Natural Stone Veneer Fireplace – Benefits of Stone Veneer

The Installation of a New Gas Fireplace Insert with a Natural Stone Veneer Surround

By Mark J. Donovan

One of the best returns on investment home improvement projects these days is the use of stone veneer in certain areas of the house.

We recently decided to, for example, to replace the fireplace surround around our built-in gas fireplace with a natural stone veneer.

Other particularly popular areas inside the home to use stone veneer include; kitchens, bathrooms, and great rooms.

Manufactured Stone Veneer

When it comes to deciding on using stone veneer you first need to decide if you are going to use faux stone veneer, or otherwise called manufactured stone veneer, or natural stone veneer.

Gas Fireplace Insert Installed Fireplace Chimney

Faux, or manufactured stone veneer, is designed to look just like natural stone, but it is less costly. Manufactured stone veneer is made out of a combination of lava rock, Portland cement, and color pigments containing iron oxide. The materials are then placed in a latex mold, representing a particular type of color of stone found naturally, and are allowed to cure.

Due to this type of manufacturing process virtually any type and color of stone can be produced that represents what can be quarried or picked from fields and rivers. For example, faux stones can be manufactured to look like grapefruit size river rocks.

Natural Stone Veneer

Natural veneer stone, as the name implies, is real stone that has simply been cut into thin slices approximately one inch thick.

The stone is typically harvested from a quarry, however, rocks can also be obtained from fields and rivers and then cut to the specific needs for the stone veneer project.

Our Natural Stone Veneer Fireplace Choice

For our natural stone veneer fireplace, we chose to go with the natural veneer stone, because faux stone simply stated still looks a bit fake, and is hollow sounding to the tap. 

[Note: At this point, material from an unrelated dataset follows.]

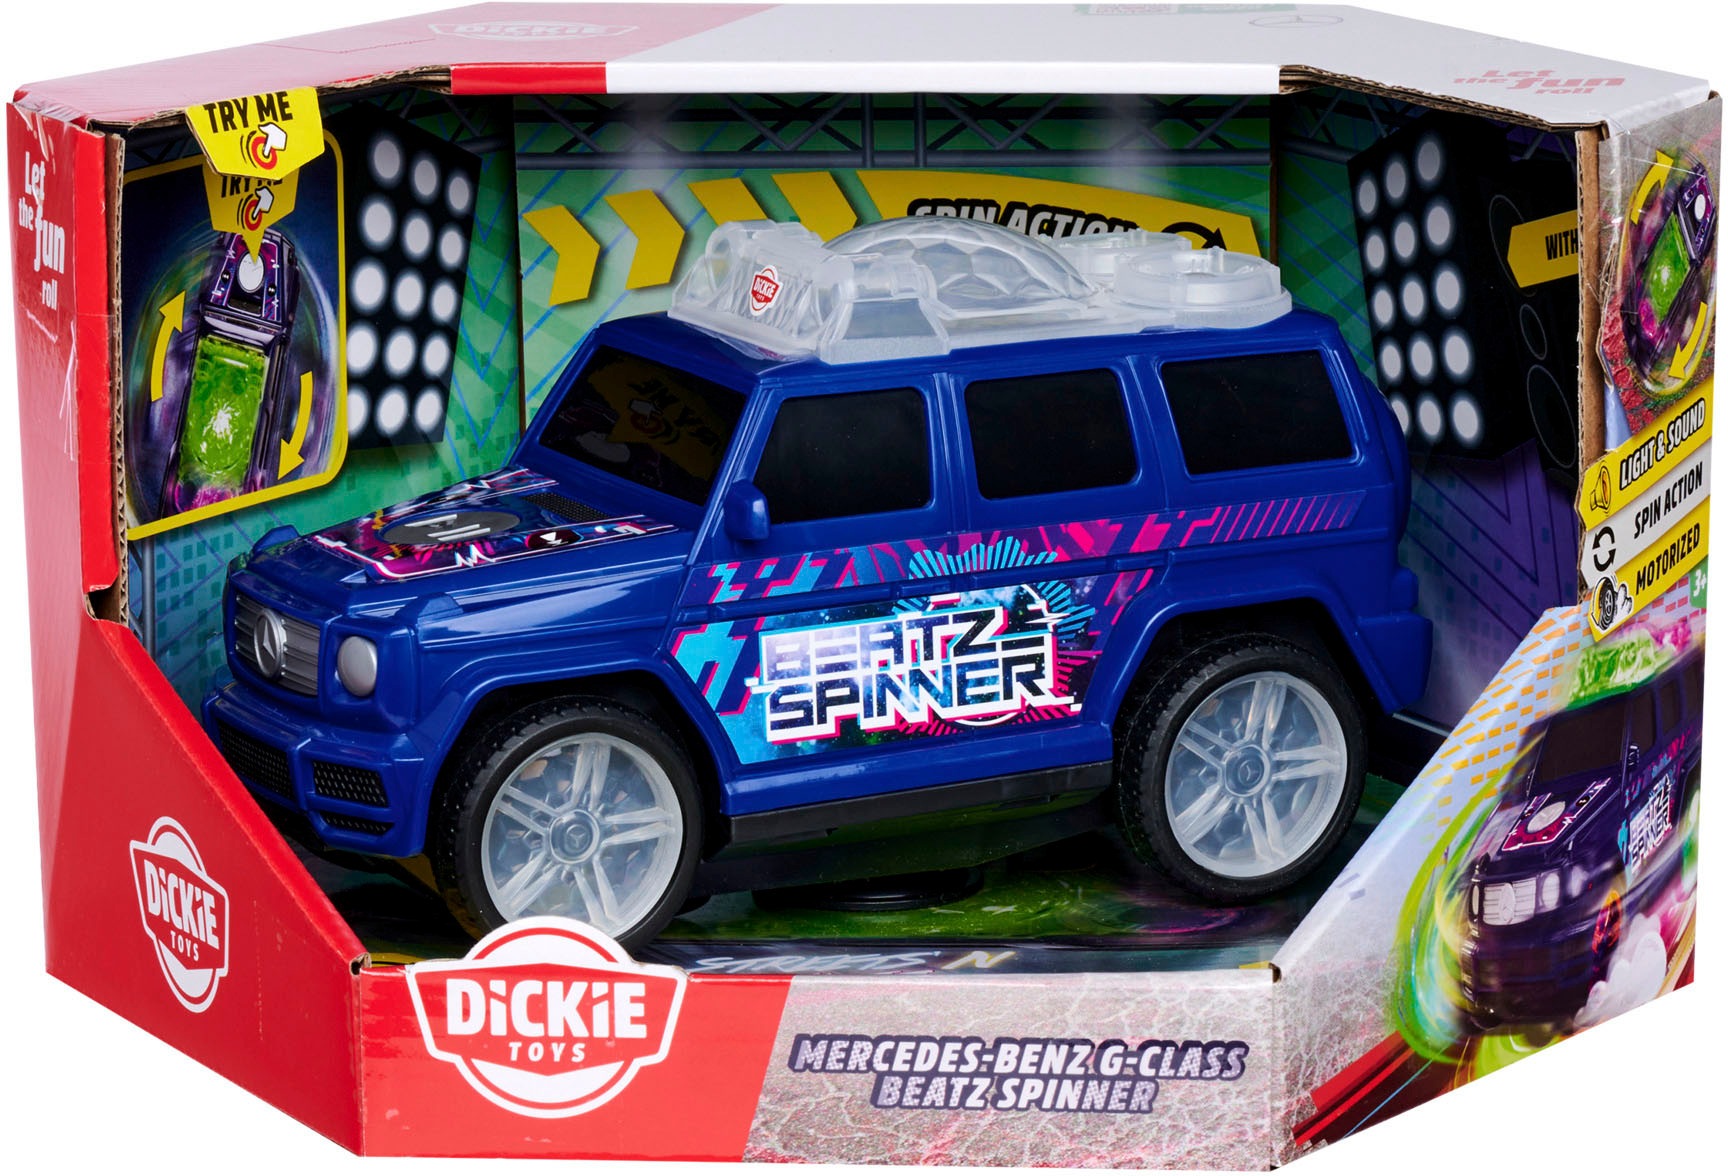 Dickie Toys Spielzeug-Auto »STREETS N BEATZ, Mercedes-Benz G-Class Beat Spinner«, mit Licht & Sound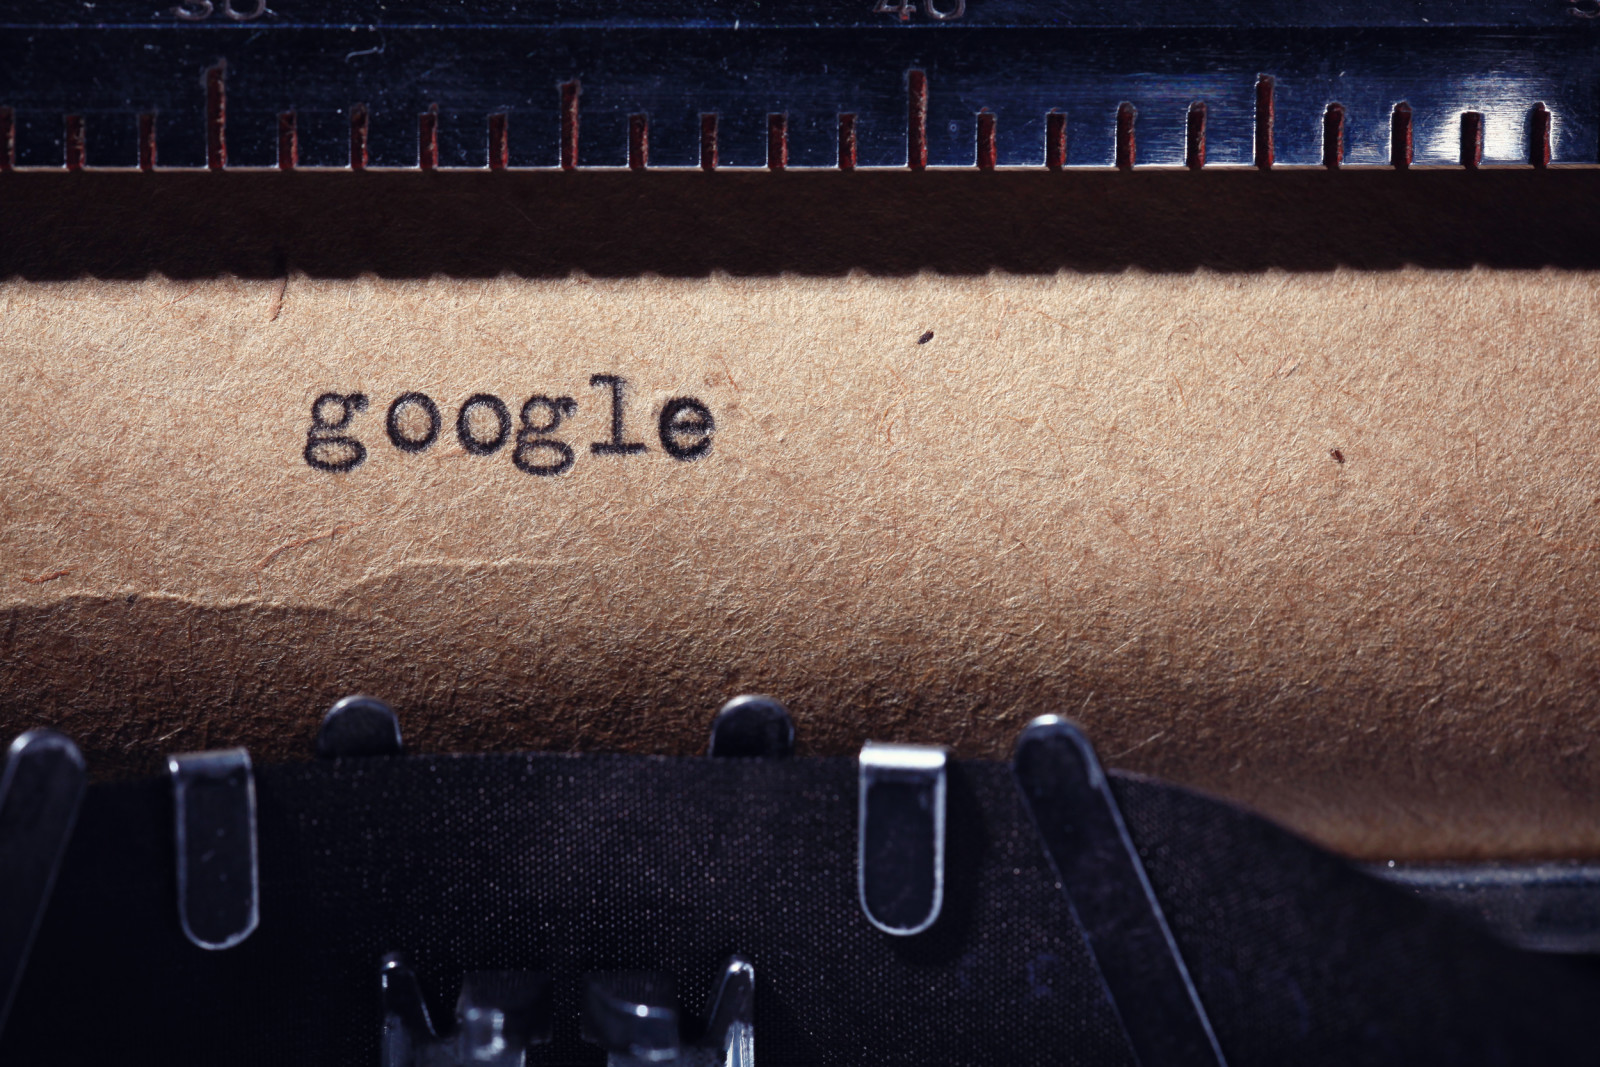 giấy, máy đánh chữ, mực, Google

Natural Stone Veneer Fireplace

Yes, the manufactured stone would have been less costly, and would probably give us an even higher return on investment, but the physical difference between faux and real veneer stone was just simply too great to skimp on price.

We looked through several stone veneer supplier catalogues, and decided on Delgado Stone’s Strip Stone Connecticut Blend. The stones are approximately 1 inch thick, +/-1/4 inch, and are about 3”-5” wide, and up to about 16 inches in length.

Cost of Installation for Natural Stone Veneer Fireplace

I went out and obtained three mason contractor quotes before choosing one. Two masons came in with quotes around $85/square foot. This price included the natural stone veneer cost, as well as the mason’s labor rate.

The third mason came in at $97/square foot. The reason for the large discrepancy was due to the fact that the third mason had no interest in also applying the natural stone veneer to the chimney chase on the outside of our house.

The chimney chase is on a steep pitched roof and extends an additional ten feet above the roof. Quite high. So high as a matter of fact that significant scaffolding had to be erected to enable the mason to stone veneer the chimney fireplace chase.

As you can see in the picture we still need to get the mantle and hearth installed. They are on order, and we should have them in another week. Also, I will need to install some trim vertically down the sides of the stone veneer fireplace when the mantle is finally installed.

Finished Stone Veneer Fireplace

Lastly, we need to call back in the gas fireplace company to complete the installation of the new fireplace. Oh yeah, we decided to upgrade to a new and larger fireplace too, which set us back about another $8,000. Part of the scam today with installing a new gas fireplace is that it is virtually assured that the existing stainless-steel piping with the older gas fireplace insert will not be the right one for the new gas fireplace insert.

In the end, with the new stone veneer fireplace surround, as well as the stone veneer chimney chase, and the new gas fireplace insert, we anticipate it will cost a total of around $20,000 to complete the project. It is not cheap, however, due to the fact we live on a lake home in central New Hampshire, we anticipate future prospective home buyers will highly value the natural stone fireplace look, both inside and outside of the home.